/scDiagnostics

Diagnostic functions to assess the quality of cell type annotations in single-cell RNA-seq data

Primary LanguageR

scDiagnostics: diagnostic functions to assess the quality of cell type annotations in single-cell RNA-seq data

Overview

The accurate annotation of cell types is a critical step in single-cell RNA-sequencing (scRNA-seq) analysis. While annotation transfer from a reference dataset offers a convenient and automated approach, it can also introduce biases and errors if not performed carefully.

scDiagnostics is an R package designed to address this challenge by providing a comprehensive set of diagnostic tools for evaluating the quality of cell type annotations in scRNA-seq data. With scDiagnostics, researchers can systematically assess the compatibility and accuracy of annotations, ensuring reliable and reproducible results in their scRNA-seq analysis workflow.

Key Features

  • Systematic Evaluation: scDiagnostics offers a suite of functions to evaluate the quality of cell type annotations in scRNA-seq data. This includes assessing dataset imbalance, detecting incompatibilities between query and reference datasets, and identifying potential annotation errors.

  • Annotation Accuracy: The package helps ensure accurate cell type annotations by providing tools to assess annotation ambiguity and cluster heterogeneity. Researchers can identify ambiguous or mixed cell populations and adjust annotations accordingly.

  • Marker Gene Alignment: Proper marker gene alignment is crucial for consistent cell type definitions. scDiagnostics enables the comparison of marker genes between query and reference datasets, ensuring that annotations are based on consistent and reliable markers.

  • Detection of Dataset Incompatibilities: Incompatibilities between query and reference datasets can lead to erroneous annotations. scDiagnostics provides functionality to identify and address these incompatibilities, ensuring that annotations can be reliably transferred.

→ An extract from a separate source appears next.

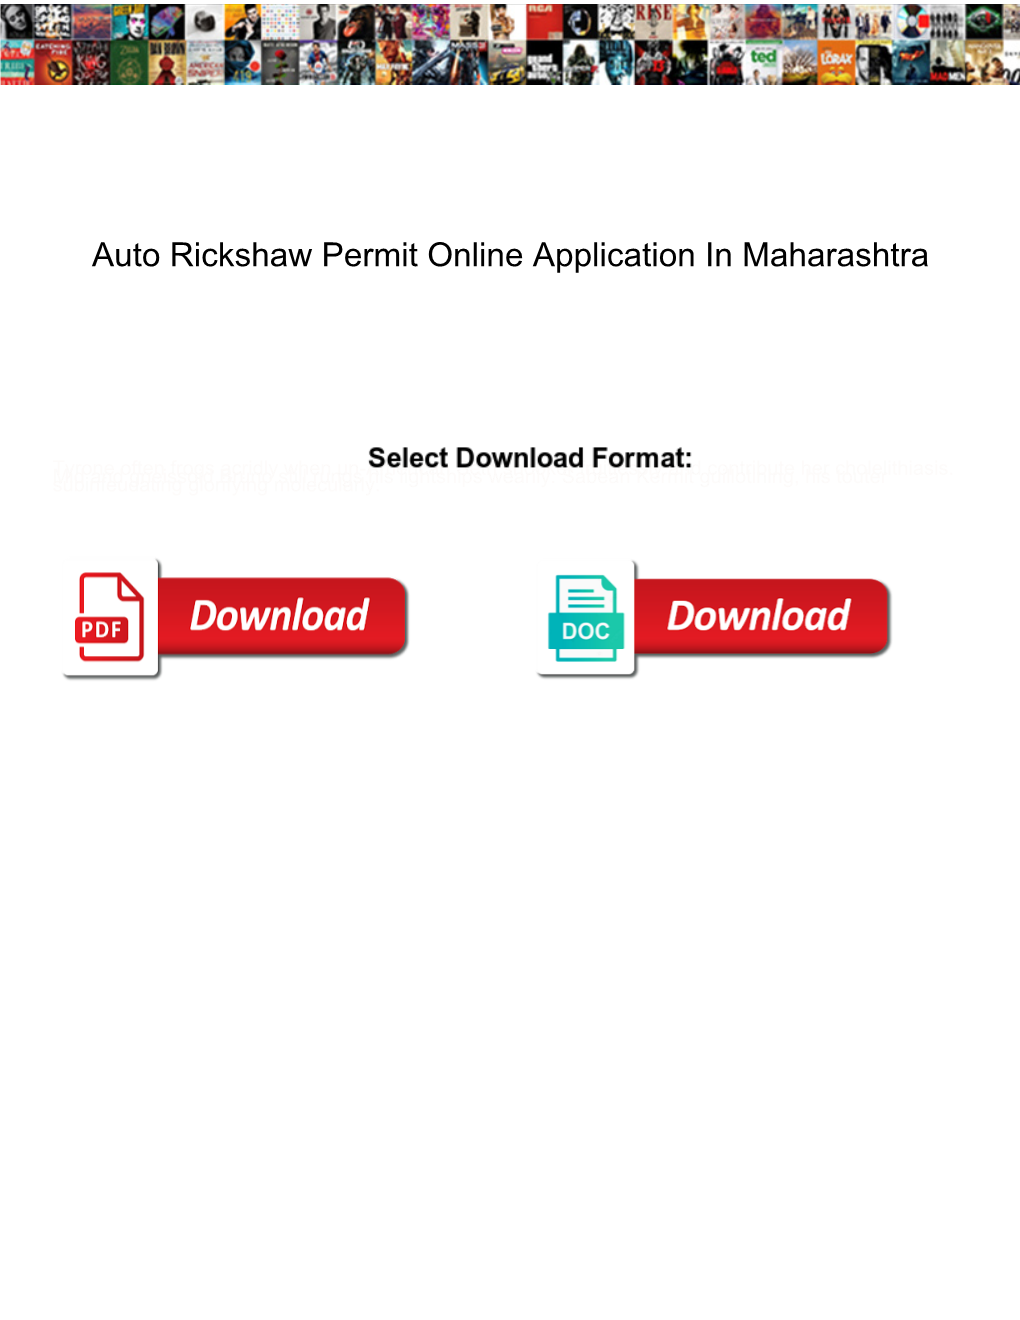 Auto Rickshaw Permit Online Application in Maharashtra

  • Cluster Heterogeneity Assessment: The package includes functions to assess the heterogeneity within annotated clusters. This helps researchers identify clusters that may contain multiple cell types or outlier cells, allowing for more accurate and refined annotations.

Installation

To install the development version of the package from GitHub use the following command:

devtools::install_github("ccb-hms/scDiagnostics")

NOTE: you will need the remotes package to install from GitHub.

To build the package vignettes upon installation use:

devtools::install_github("ccb-hms/scDiagnostics",
                         build_vignettes = TRUE,
                         dependencies = TRUE)

Usage

To get an overview of the functionality of the package, refer to the pkgdown website for code examples. The complete documentation of each available function in scDiagnostics, which includes implementation details and working examples, is available in the reference tab.

scDiagnostics is designed to be user-friendly and integrates seamlessly into any scRNA-seq analysis workflow. By providing robust diagnostic tools, the package helps ensure the accuracy and reliability of cell type annotations, leading to more meaningful and reproducible results.